The reason has to do with standards of review — the standards courts use to weigh evidence, limit their authority, and make decisions. Like criminal law’s “beyond a reasonable doubt” standard, standards of review are incredibly important for many legal cases. They’re how much one side needs to prove something and, failing that, who should win.
The standard of review in the CRISPR patent dispute was the “substantial evidence” standard: whether a reasonable trier of fact (one or more people who determine the facts in a legal proceeding) based its opinion on substantial evidence. To be clear, that doesn’t mean the trier of fact got things correct, or even whether there was more evidence for the other side. Rather, the substantial evidence standard means only that a fact-finder based its decision on substantial enough evidence to be reasonable.
And there was substantial enough evidence for the Patent Office to determine that Zhang’s application of Doudna and Charpentier’s CRISPR-Cas9 system, which they developed in bacteria, to more complex eukaryotic cells (cells like human cells that have nuclei) constituted a significant enough advance to be its own invention. The patent office considered the scientific difficulties in getting other nucleic acid gene-editing systems to work in eukaryotes; statements submitted by experts from both sides, such as UC Berkeley’s own expert saying that there was “no guarantee that Cas9 would work effectively on a chromatin target or that the required DNA-RNA hybrid can be stabilized in that context,” and ultimately statements by Doudna herself that called the gap between bacteria and human cells a “huge bottleneck.”
I, and many scientists as well, think that holding these offhanded statements against Doudna is both unfortunate and bad as a matter of policy. But they were evidence, and the patent office was correct to consider them as such. Considered as a whole, those statements, the testimony of experts, and scientific difficulties in getting previous gene-editing systems to work in eukaryotic cells represent at least substantial evidence.
This doesn’t mean I agree with the patent office’s interpretation of the science. In its original decision, the patent office wrote that moving previous gene-editing systems from bacteria to eukaryotic cells suffered from numerous problems: “differences in gene expression, protein folding, cellular compartmentalization, chromatin structure, cellular nucleases, intracellular temperature, intracellular ion concentrations, intracellular pH, and the types of molecules in prokaryotic versus eukaryotic cells.”
These problems were real and shouldn’t be discounted. But, as I wrote in article for EMBO Reports last year, they were widely known to scientists at the time who could have solved each with a road map of solutions. “[D]ifferential gene expression can be controlled by selecting appropriate promoters; protein folding can, in some instances, be made uniform by certain optimization techniques; chromatin structure can be altered by histone modification; nucleases can be blocked; temperature can be regulated; pH can be buffered; and so on,” I wrote. As a matter of patent law, however, this experimental road map isn’t enough — it does not provide, in patent parlance, a “reasonable expectation of success.”
This illustrates, I think, a classic disconnect between the legal standards of patent law and the realities of scientific research. There are others, which I have also written about at length: on how science and patent law treat reproducibility; how they treat genetic datasets; on what, exactly, is a “law of nature.”

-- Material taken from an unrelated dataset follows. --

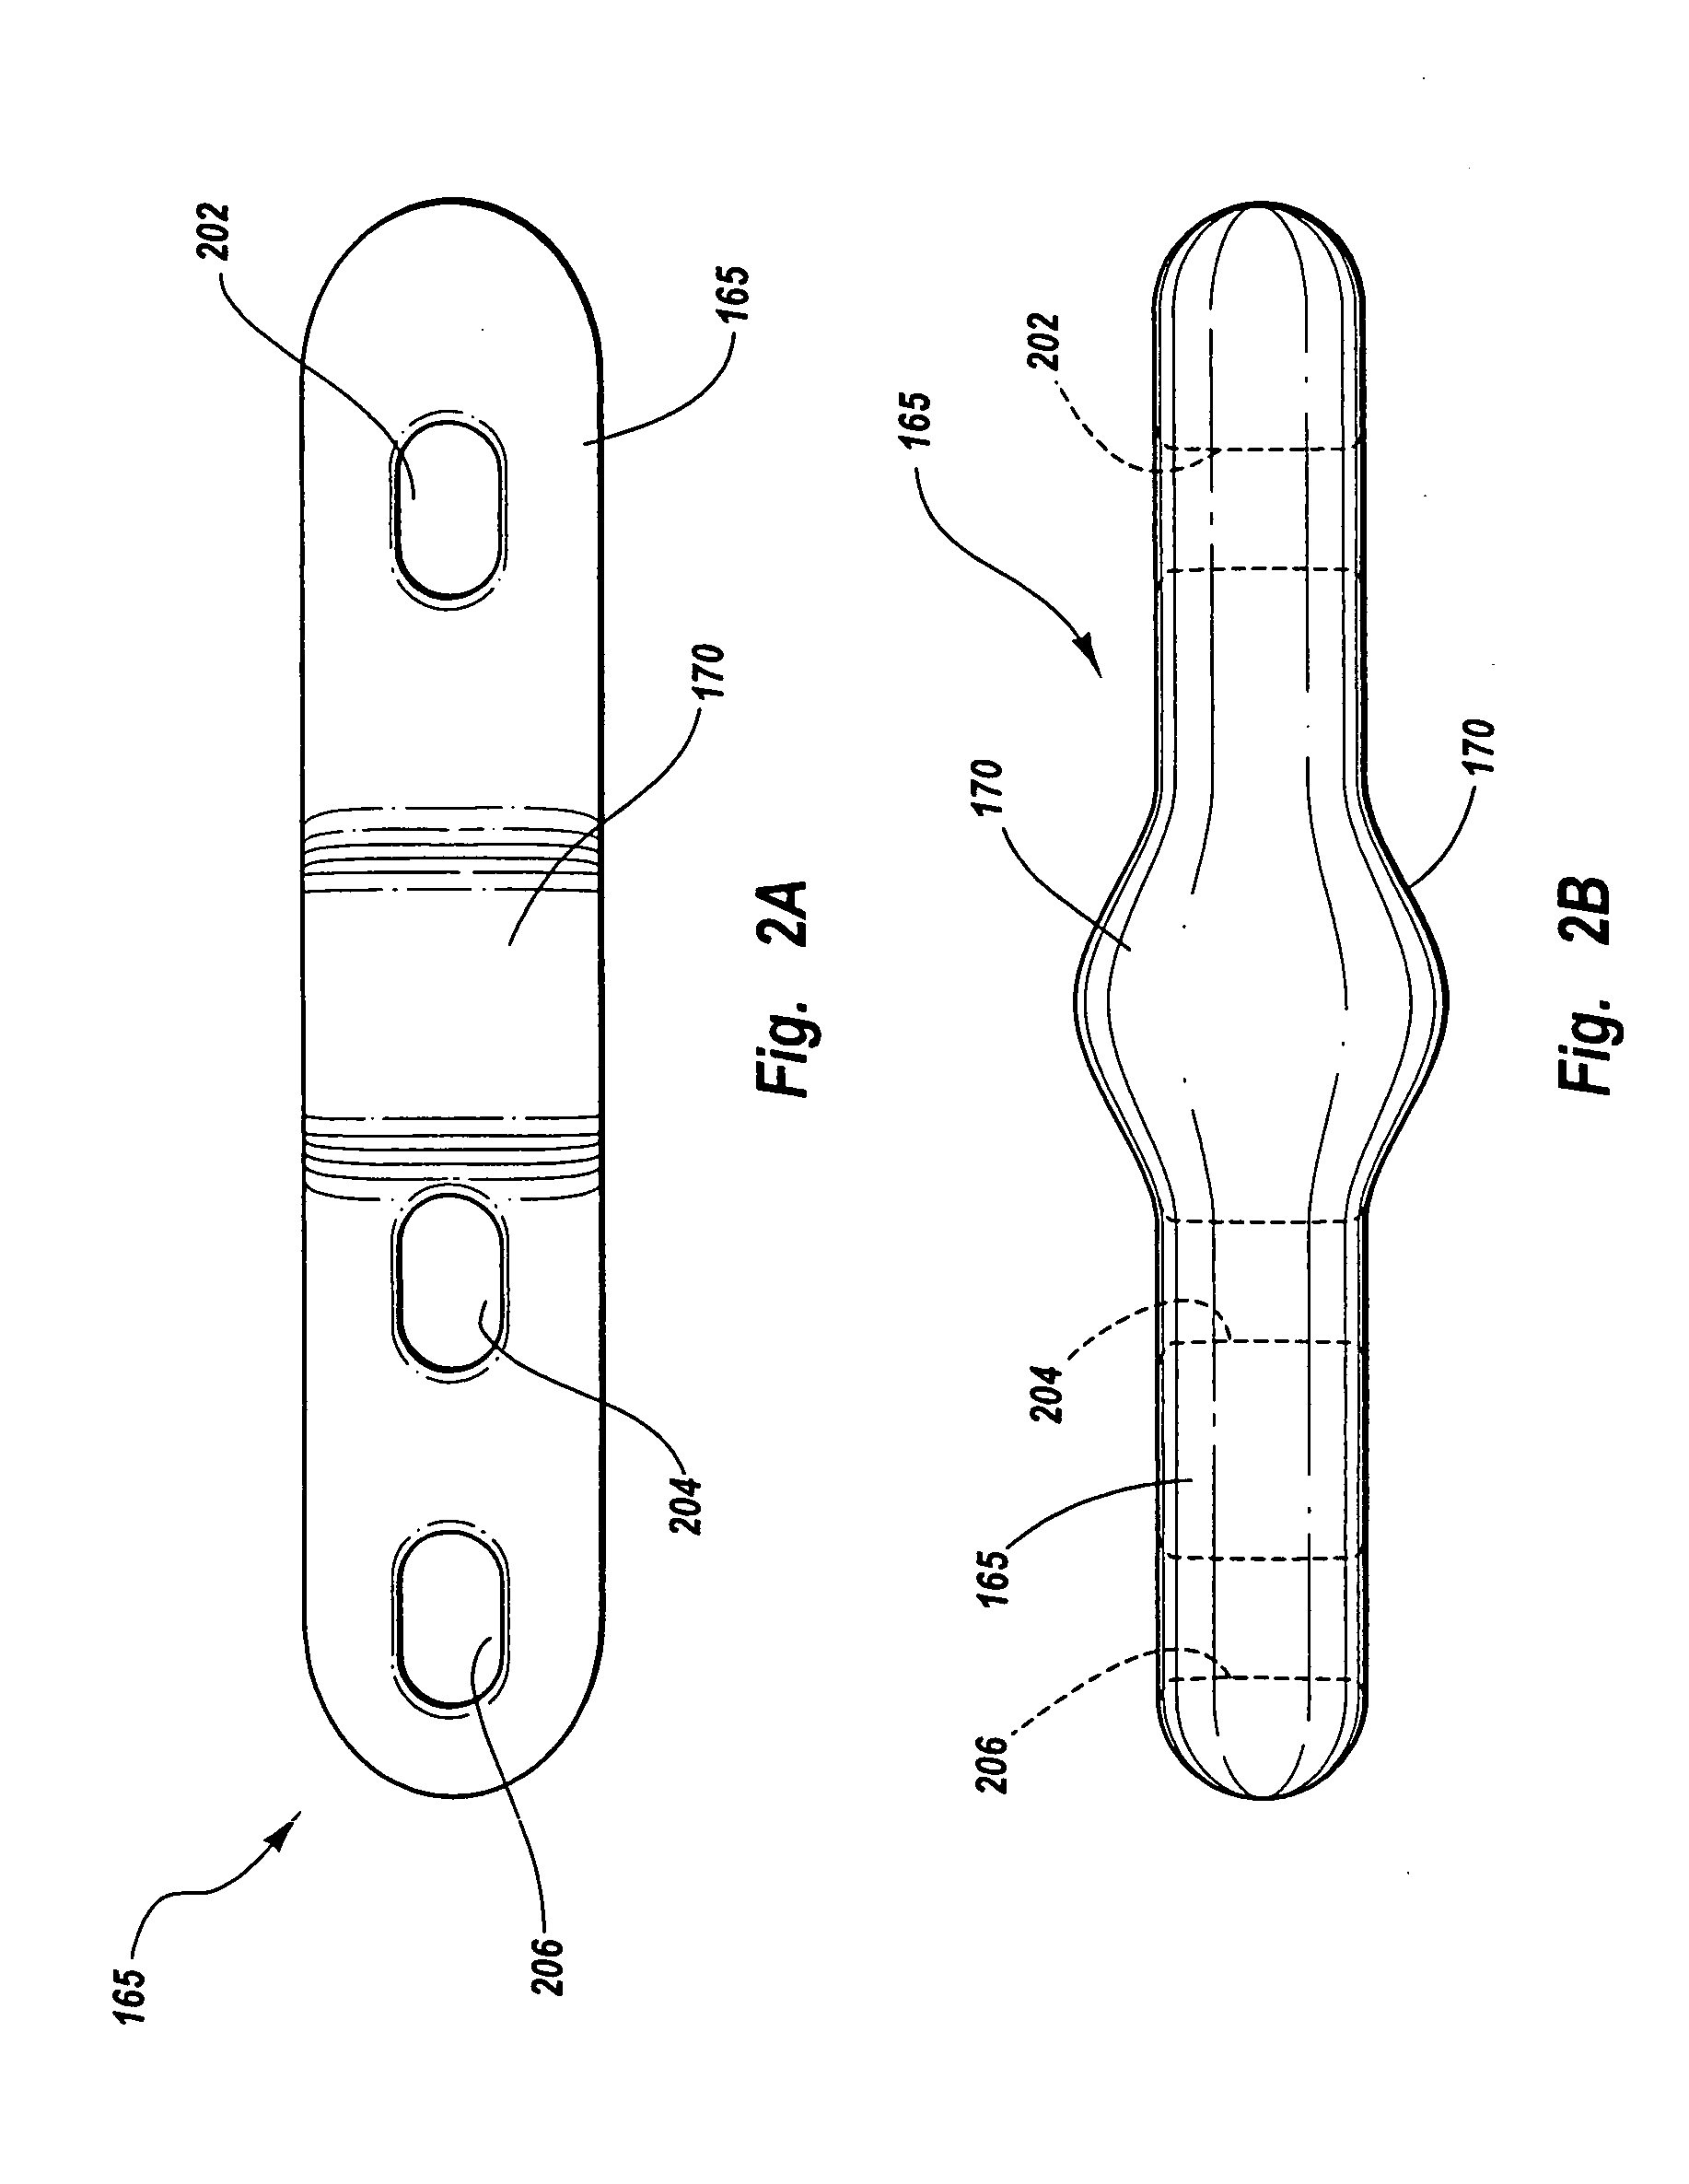 Method and apparatus for sealing an internal tissue puncture incorporating a block and tackle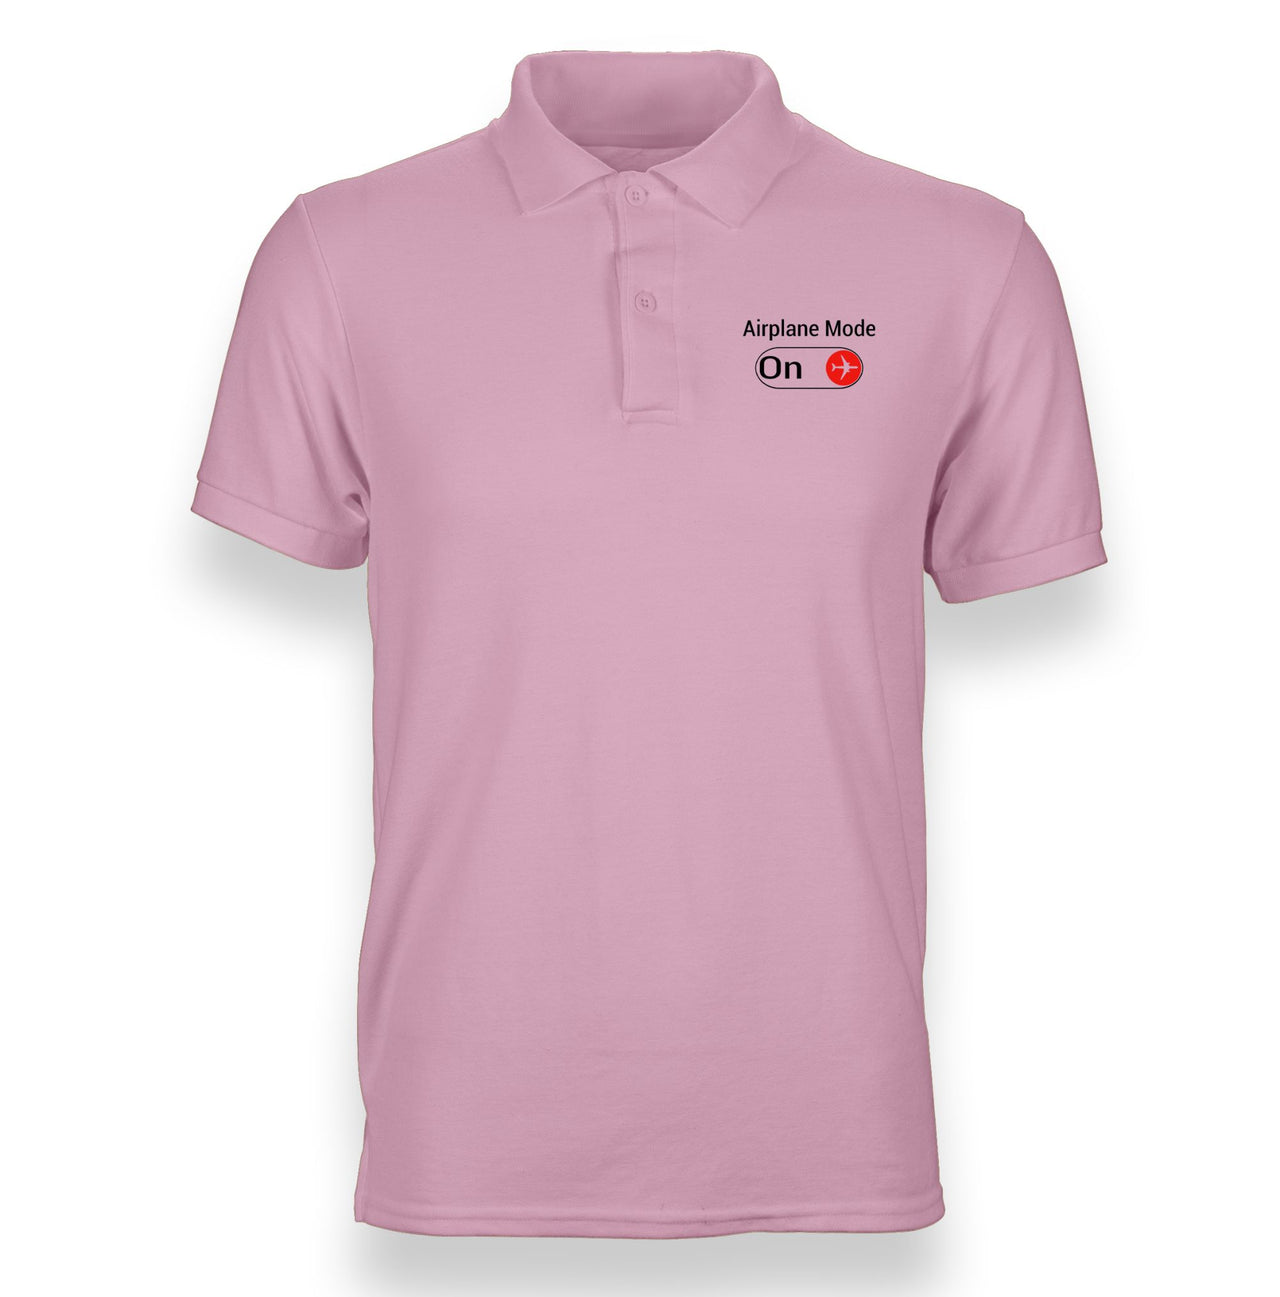 Airplane Mode On Designed "WOMEN" Polo T-Shirts

You could say that as a former laboratory scientist turned patent law professor, this is a particular academic interest of mine. But my view of what’s best is not the same as what the law actually is. The CRISPR patent decision may not have gotten the science right. But that doesn’t make it wrong as a legal matter.
If you don’t agree with the Federal Circuit’s decision, you may be in good company. The law can sometimes be wrong as a matter of both policy and practicality. But, at least ideally, the law provides a previously agreed-upon, neutral set of rules to decide disputes. When the law no longer works, it’s ultimately the job of Congress to change the law. And although this ideal is routinely flaunted in practice, it’s still a model to live by.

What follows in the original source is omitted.